Но давайте поговорим об инструментах в наборе инструментов. Вот краткий, неполный список: Классификация, Извлечение сущностей, Тональность, Обобщение, Части речи, Тройки (SAO), Отношения, Анализ фактов, Связанные данные, Эвристика, Эмоции/Чувства/Настроения. Почти каждый отдельный вариант использования в вычислительной лингвистике можно преобразовать в мета-теги; документ проходит через движок, и он становится богаче, украшенным списком тегов, указывающим на ключевые разведывательные данные, связанные с документом. Вероятно, именно эта простая концепция заставила так много компаний думать, что все технологии НЛП одинаковы, но суть в том, чем вы хотите пометить свои документы? Категории из стандартной таксономии? Названия компаний, упомянутых в тексте? Указание на общее отношение к документу, выраженное как «позитивное» или «негативное»? Может быть, комбинация инструментов (настроение для каждой сущности, извлеченной из документа)?

Поставщики текстовой аналитики по своей природе решают проблемы. Если поставщик предлагает, например, только классификацию, довольно легко привести аргумент о том, как решить любой вариант использования в процессе классификации контента. Точно так же я могу забить гвоздь в стену, используя свой ботинок, но если бы у меня был молоток, я бы, вероятно, воспользовался им. Как мы можем распознать инструмент, который нам нужен для каждого проекта? Некоторые из них более очевидны, чем другие, но позвольте мне дать вам несколько советов о самых известных:

- Классификация должна использоваться, когда конечная цель вашего приложения заключается в признании того, что документ принадлежит к очень конкретному, заранее определенному классу (спорт, продукты питания, страховые полисы, финансовые отчеты об энергетическом рынке на юге страны). Восточная Азия, …). Например, хранить журналы в коробке и наклеивать на нее этикетку. Имя класса не обязательно упоминается в документе, принадлежащем этому классу.

Извлечение сущностей полезно, когда вас интересует переменная часть вашего контента, в частности те непредопределенные элементы, темы или имена, которые действительно упоминаются.

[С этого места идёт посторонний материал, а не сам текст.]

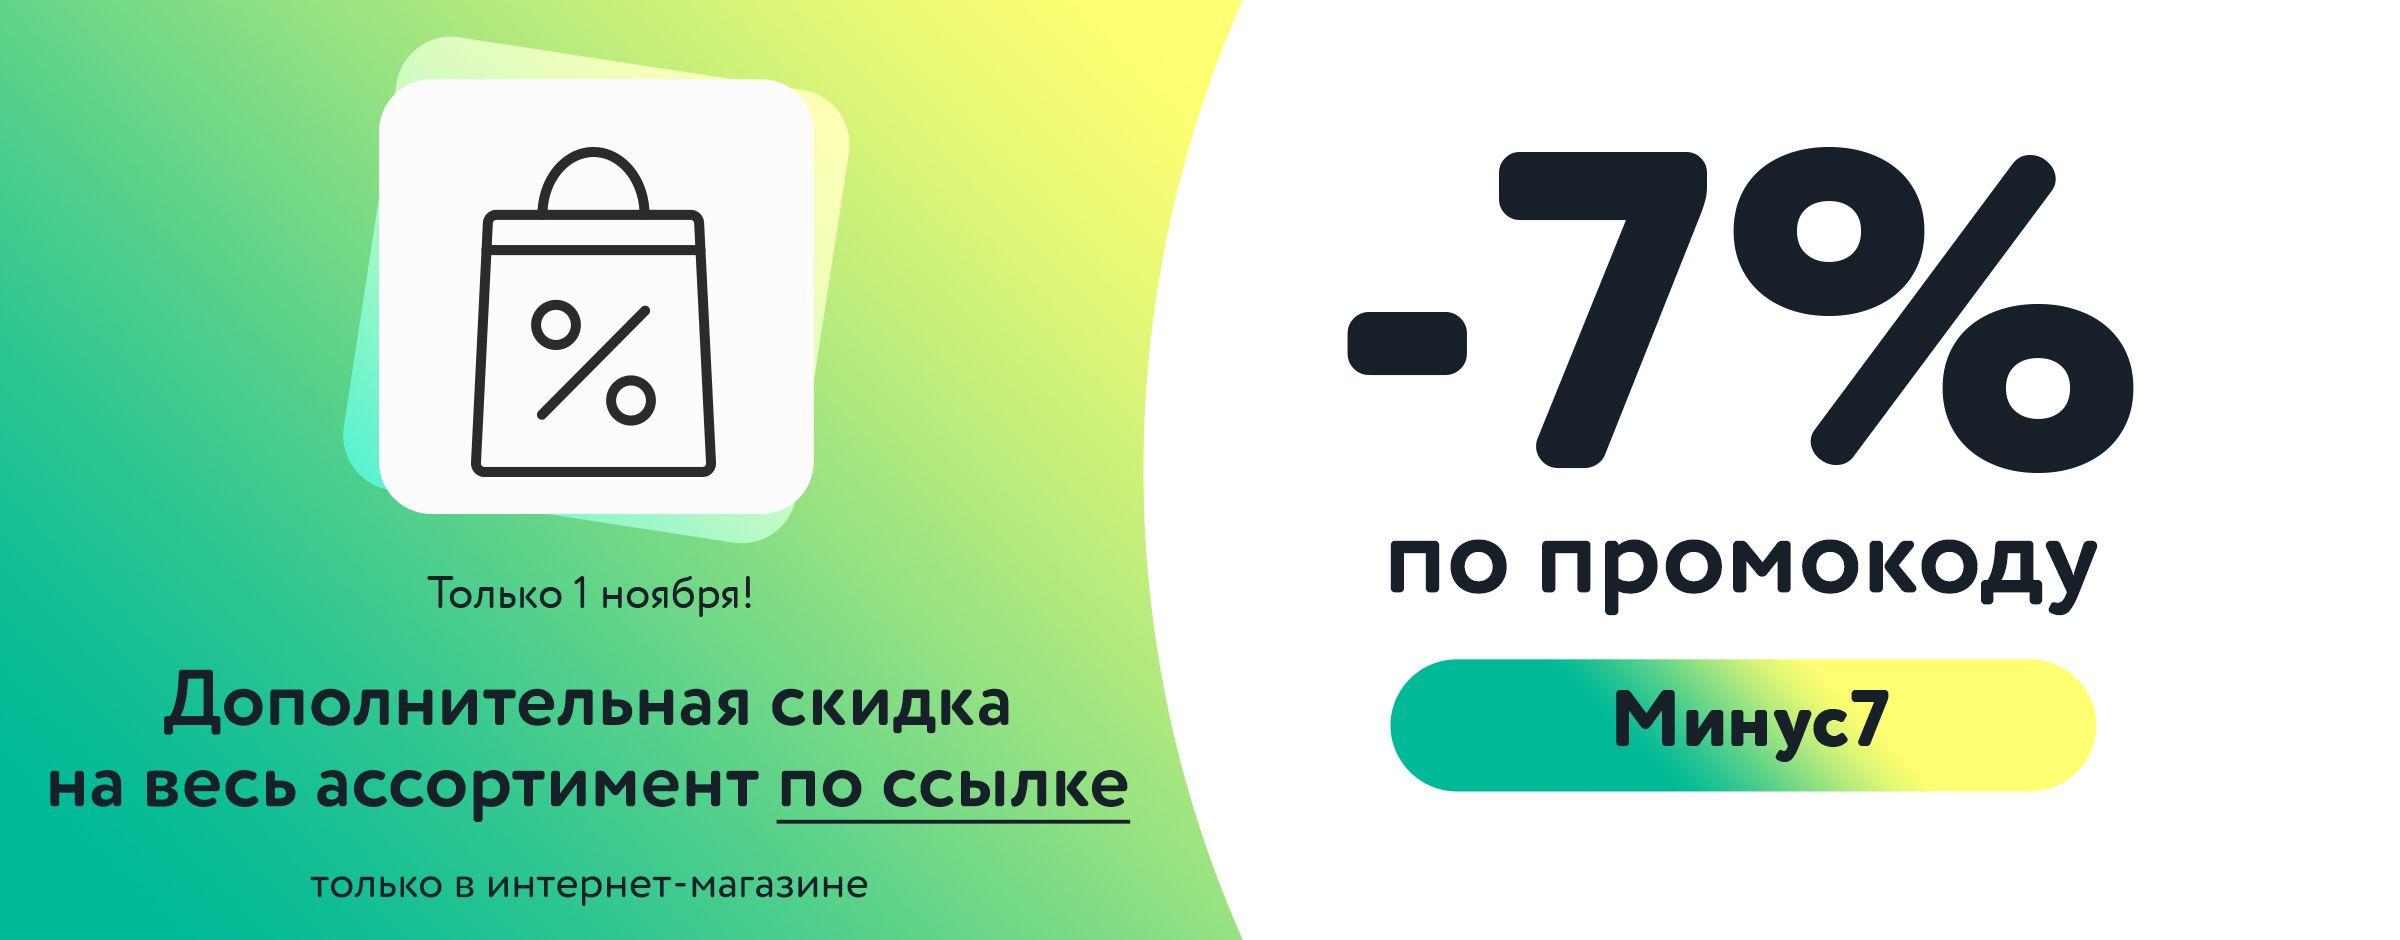 7% по промокоду Минус7

- Сводка помогает, когда ваше решение требует ускорения исследования, поэтому вы хотите иметь возможность автоматически создавать небольшие рефераты, которые дают представление о содержании документа, без необходимости читать его полностью, пока вы не узнаете его. имеет отношение к вашему исследованию

- Настроения и Эмоции (или Чувства, или Настроения, в зависимости от поставщика) говорят сами за себя; довольно популярен в приложениях Analytics и BI, особенно когда речь идет об измерении репутации бренда/продукта на потребительском рынке (посредством анализа социальных сетей).

- Отношения и тройки/SAO (например, Компания X приобретает компанию Y с тегом Компания X + Приобретение + Компания Y) полезны, когда искомая информация немного сложнее, чем обычно. ; иногда нас просто интересуют совпадения разных именованных объектов (людей, компаний и т. д.) в одном и том же документе, в других случаях нам нужно знать, был ли конкретный объект объектом действия с участием другого объекта.

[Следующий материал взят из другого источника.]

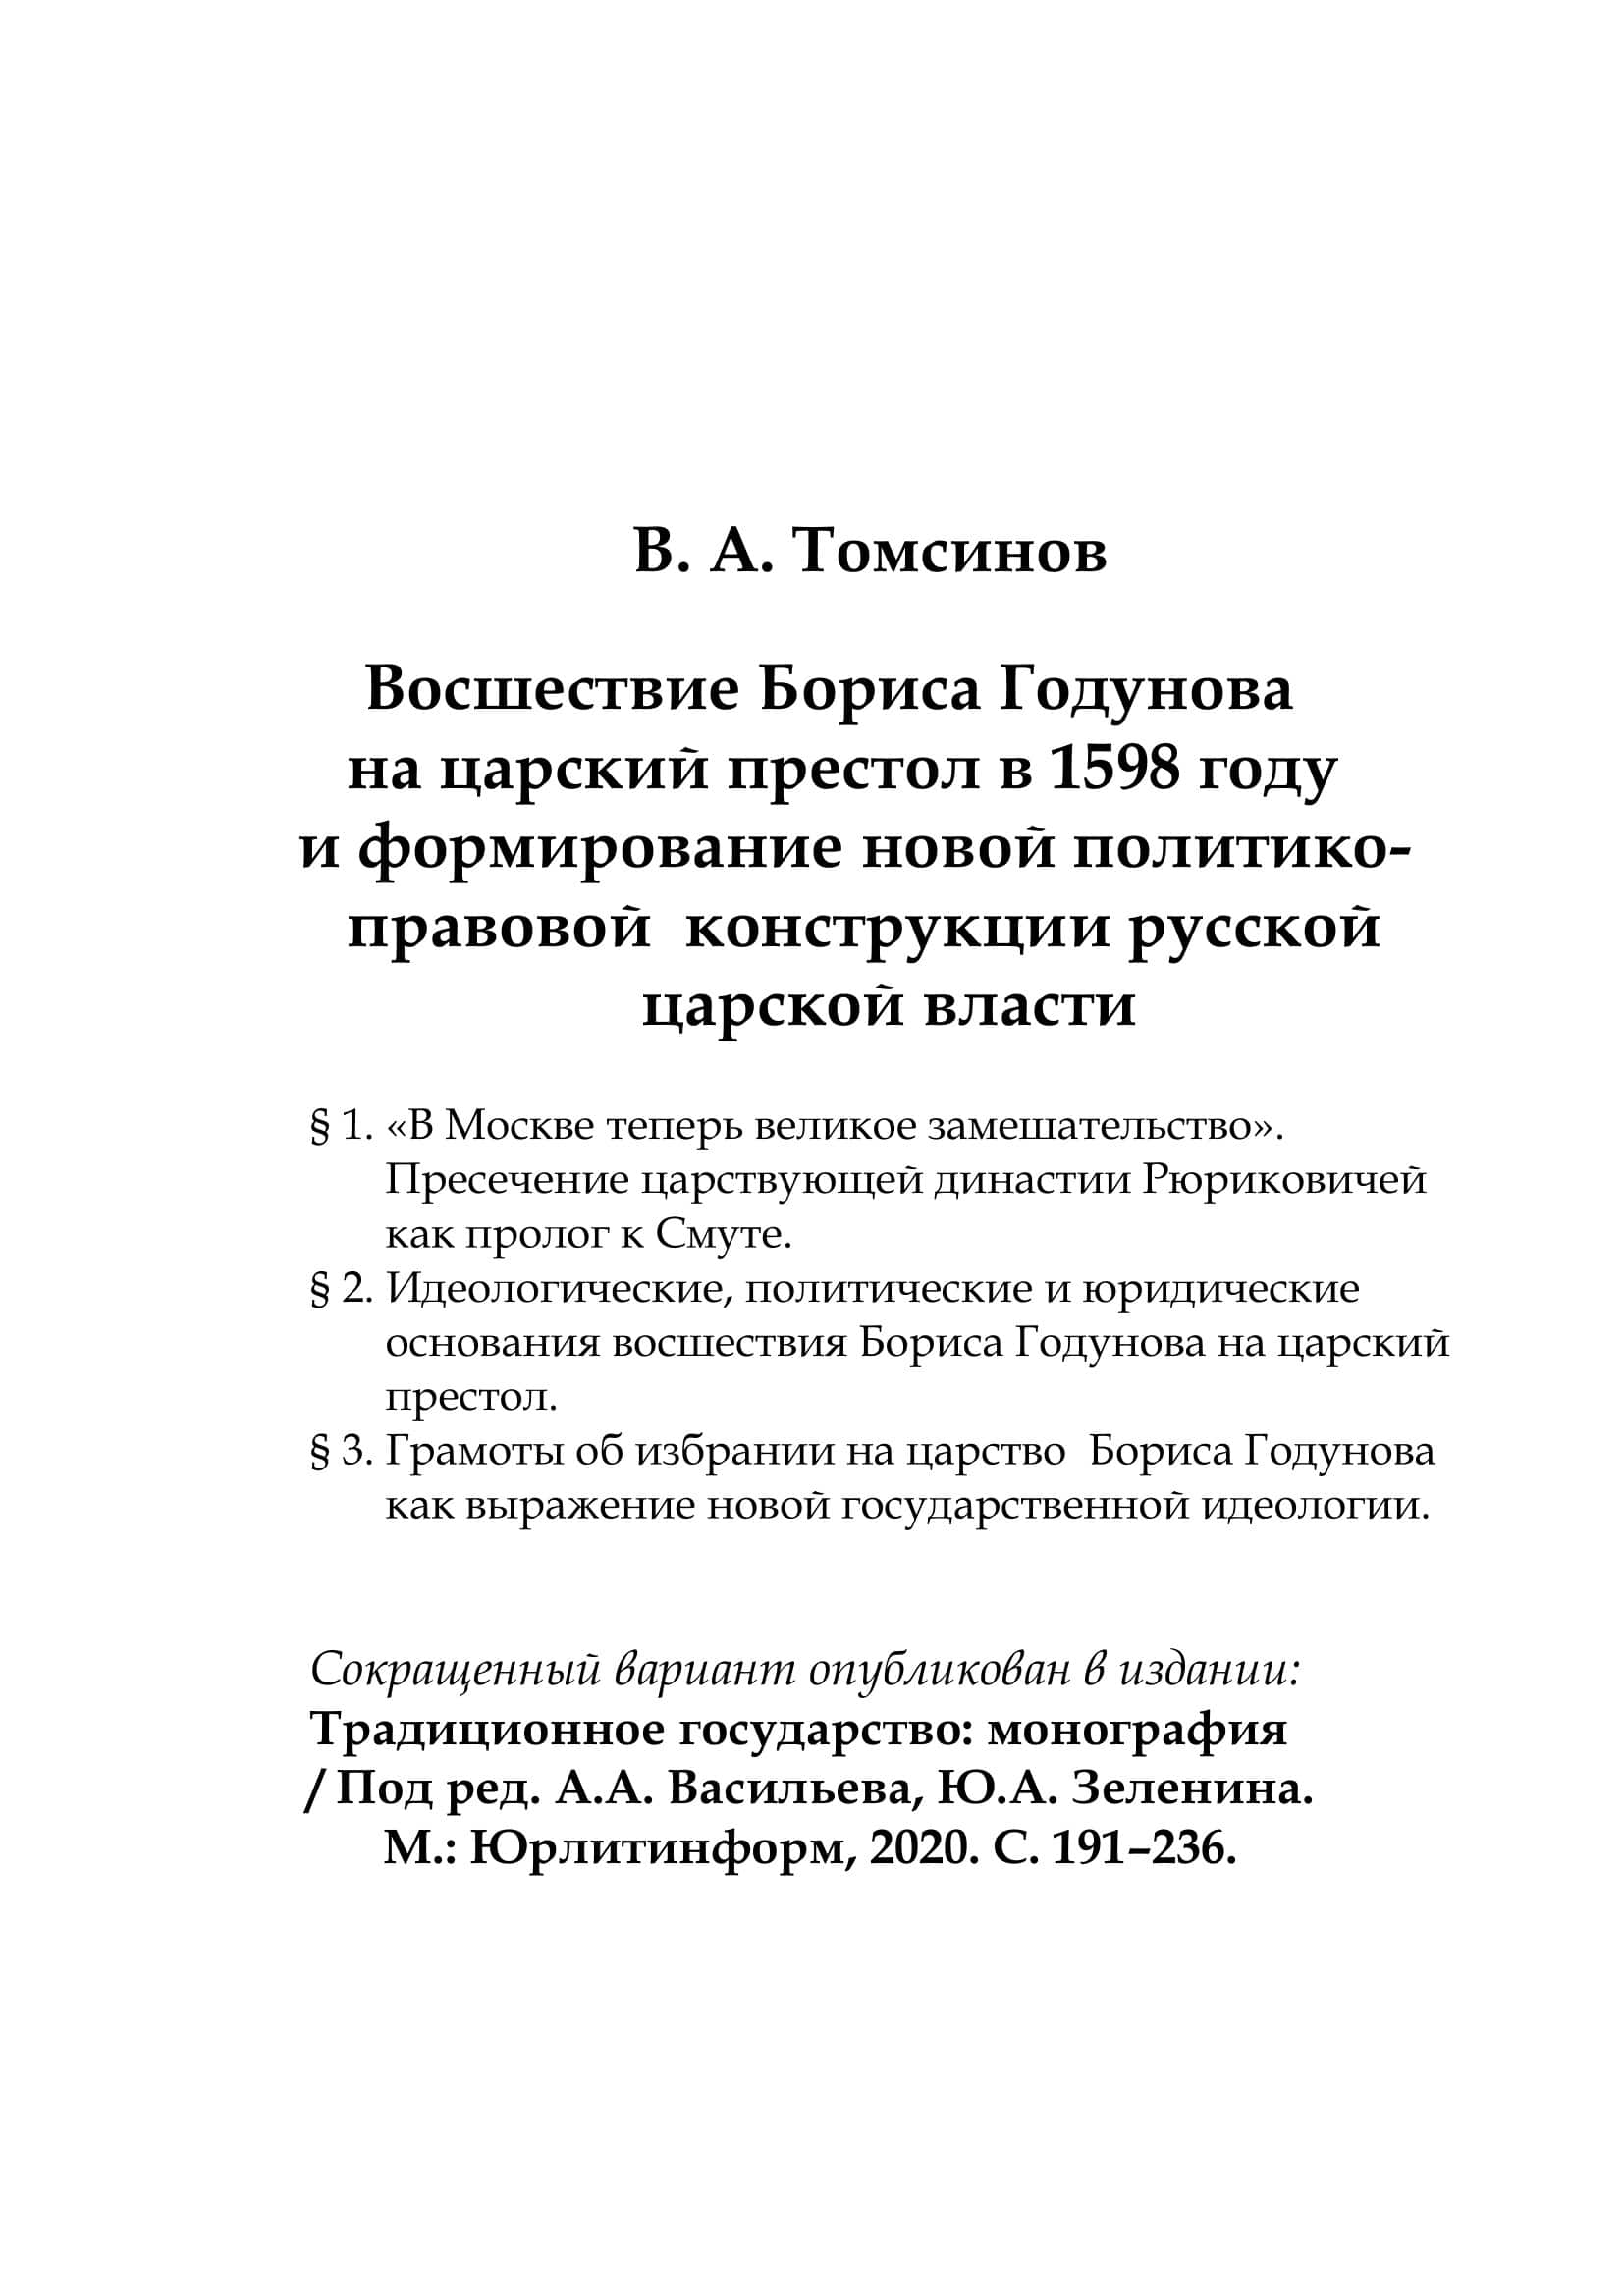 Томсинов В.А. Восшествие Бориса Годунова на царский престол

Невозможно перечислить полный набор функций, предлагаемых всеми поставщиками технологий в пространстве НЛП, и, что более важно, НЛП все еще растет с каждым годом, и его мир продолжает расширяться, возможно, поэтому иногда трудно разобраться. через все, что предлагает рынок. Но знание того, что каждый продукт сильно отличается, помогает сделать правильный выбор.